Start the Docker container:

docker run --gpus all -d -p 8000:8000 kokoro-fastapi

Using the API interface

Access the API documentation:
Open your browser and visit http://localhost:8000/docs to view the API documentation and test the interface.

Sends a text-to-speech request:
Use a POST request to send a message to the/generateinterface sends text data, for example:

curl -X POST "http://localhost:8000/generate" -H "accept: application/json" -H "Content-Type: application/json" -d '{"text": "你好，世界！
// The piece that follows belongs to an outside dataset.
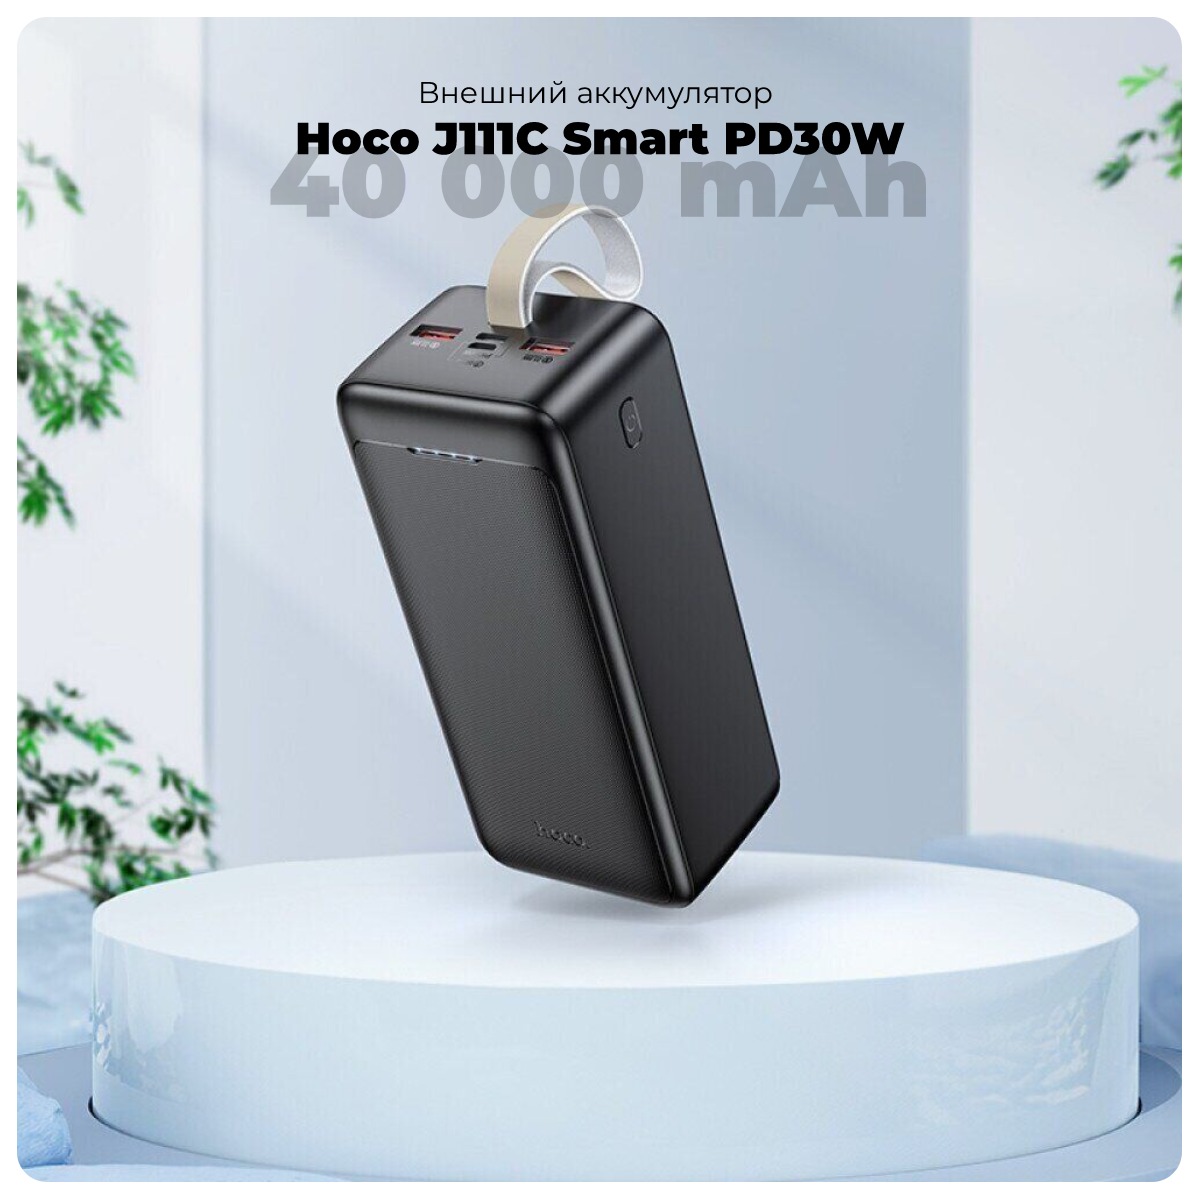 Hoco-J111C-Smart-PD30W-40000-mAh-01

"}'

Get speech output:
Upon successful request, the URL of the generated voice file will be returned and the user can download or play the file.

sample code (computing)

The project provides sample code to help developers get started quickly:

The test_openai_tts.py example shows how to make a text-to-speech request using the API.

Detailed Operation Procedure

Ensure that the system meets hardware and software requirements, especially NVIDIA GPU and CUDA drivers.
Follow the installation procedure to install and start the Kokoro-FastAPI service.
Refer to the API documentation and sample code to send a text-to-speech request.
Obtaining speech output files and subsequent processing and use.

With the above steps, users can easily deploy and use Kokoro-FastAPI to realize efficient text-to-speech functionality and provide high-quality speech generation services for various application scenarios.